Caution: reduced visibility
From blowing snow to driving sleet and rain, winter weather conditions can make driving a challenge. Maintaining visibility no matter what the weather throws at you goes a long way to keeping you and your passengers safe on the road.
Being able to see and having others see you takes on increased importance with the types of inclement weather that winter brings. Read on to learn what you can do to keep your lights shining bright all winter long.
The time to prepare your vehicle for winter driving is before a single snowflake falls. This means checking your lights on a regular basis to ensure that they are in working condition. Before you pull out of your garage in the morning or when you pull into the garage at night, take a few moments to check your lights.
Your headlights and front turn signals will be reflected on the wall in front of you while taillights, brake lights and rear turn signals will be reflected on the door behind you. Promptly replace any burned out bulbs.
Clean your covers
Dirt and debris can become caked on your headlights and taillights, reducing their brightness. Take a moment to clean off the headlight and taillight covers with a damp soft rag. During snowstorms, be sure to clear off any snow or ice that may have built up on the headlights or taillights.

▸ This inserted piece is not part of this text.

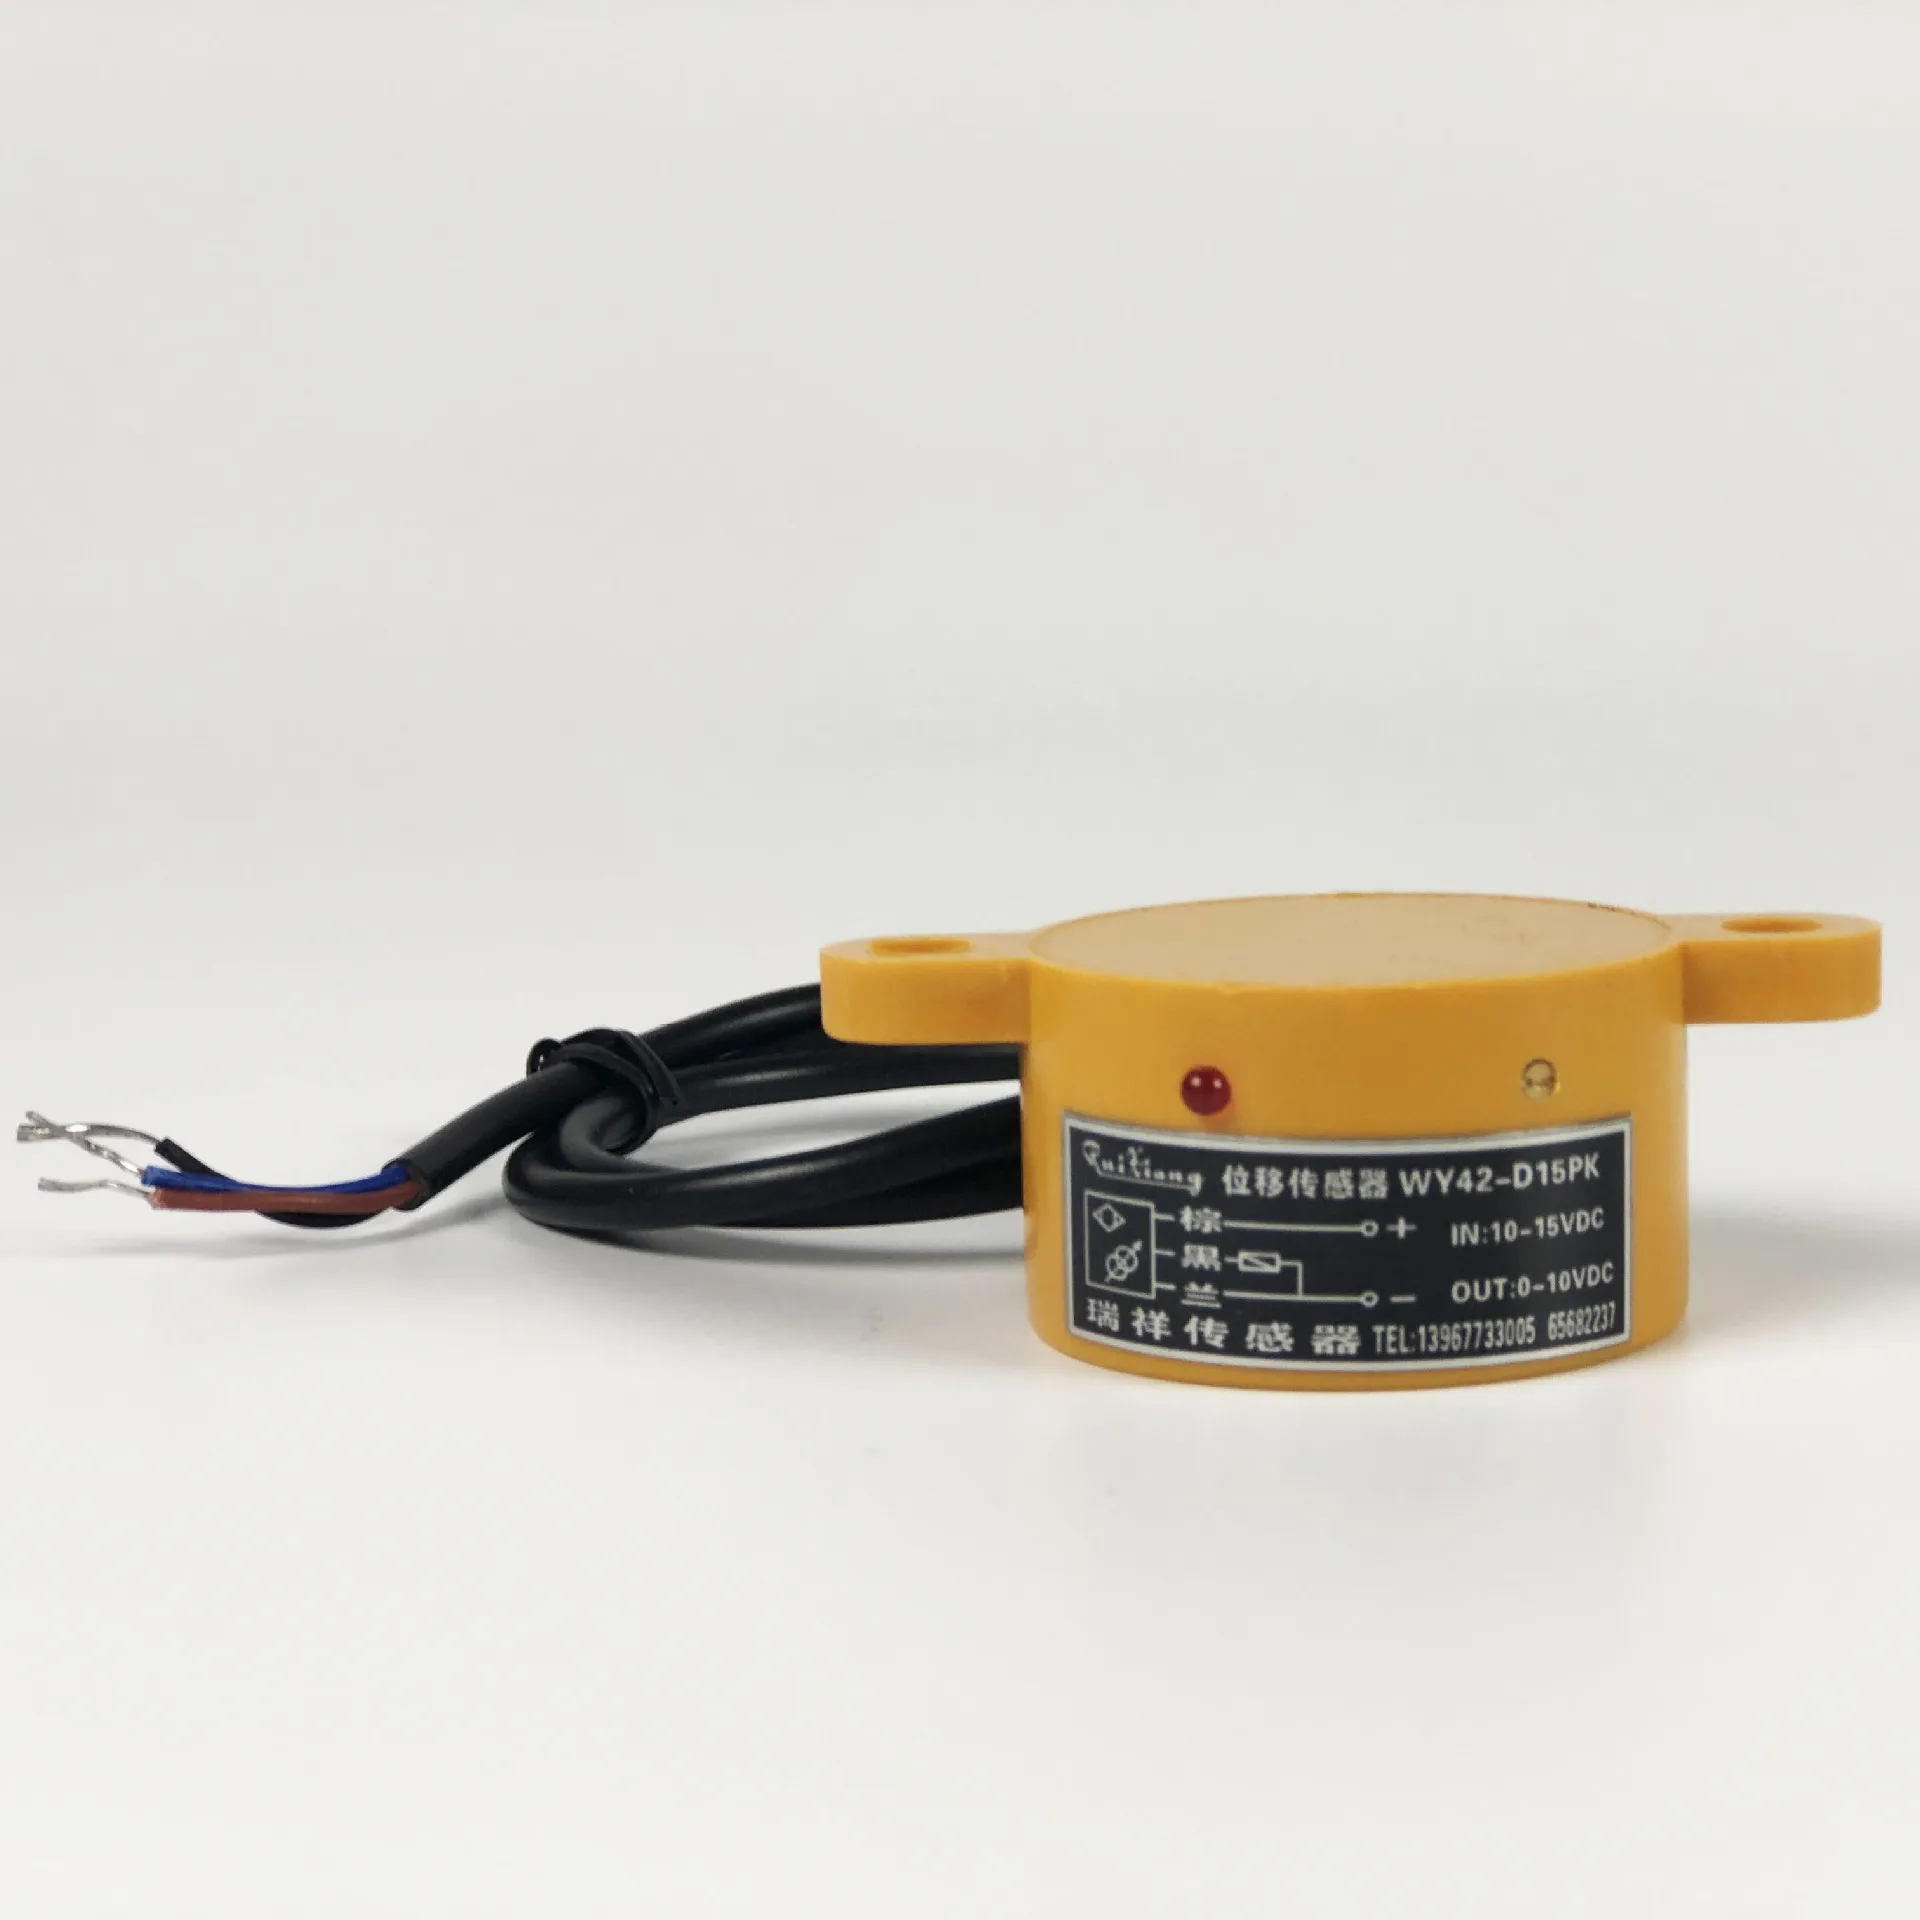 WY42-D15PK Yellow Displacement Sensor, Bag Making Machine and Other Feeding Displacement Switch Sensor

Also, over time your covers may become cloudy or yellowed which can diminish the effectiveness of your lights. You may be able to restore them to showroom shine with the help of some common household products like dish soap, baking soda, vinegar or toothpaste.
Upgrade your headlights
To get a better view of the road, consider upgrading your headlights from the standard bulbs that came on your vehicle. Most vehicles on the road today come standard with halogen headlights. Cost effective, a typical halogen bulb has a lifespan of about 1,000 hours. However, halogen bulbs can be dim as compared to other options. You might think about replacing your headlamps with HID or LED headlights.
High intensity discharge (HID) bulbs are approximately two to three times brighter than standard halogen bulbs. That can make a big difference when you are driving in a snowstorm. HID bulbs not only use less power than halogen bulbs, but they also have a longer lifespan. On average, you can expect to get about 2,000 hours from an HID bulb. Although they cost more than halogen bulbs, they could be a worthy upgrade for your vehicle.
Many car manufacturers are offering a choice between HID light and LED headlights on some models. LED headlights are brighter, have a longer lifespan that can be over 25,000 hours and consume less power than HID headlights. However, they’re much more expensive than HID lights. As prices decrease, expect to see more vehicles come standard with LED headlights. Note that aftermarket LED conversion kits are available, but beware of cheap, low-quality kits.
Switch to LED taillights
Make sure other drivers can see you from behind by replacing your standard taillight and brake light bulbs with LED bulbs. In low-visibility situations, the brighter light that LED bulbs emit can help approaching drivers see you sooner.
As with LED headlights, LED taillights are energy-efficient and use less power. They also have an impressive lifespan of up to 10 years. Because LED bulbs light up faster than traditional bulbs, they can give that driver behind you a little extra time and distance to avoid an accident if you have to suddenly hit the brakes.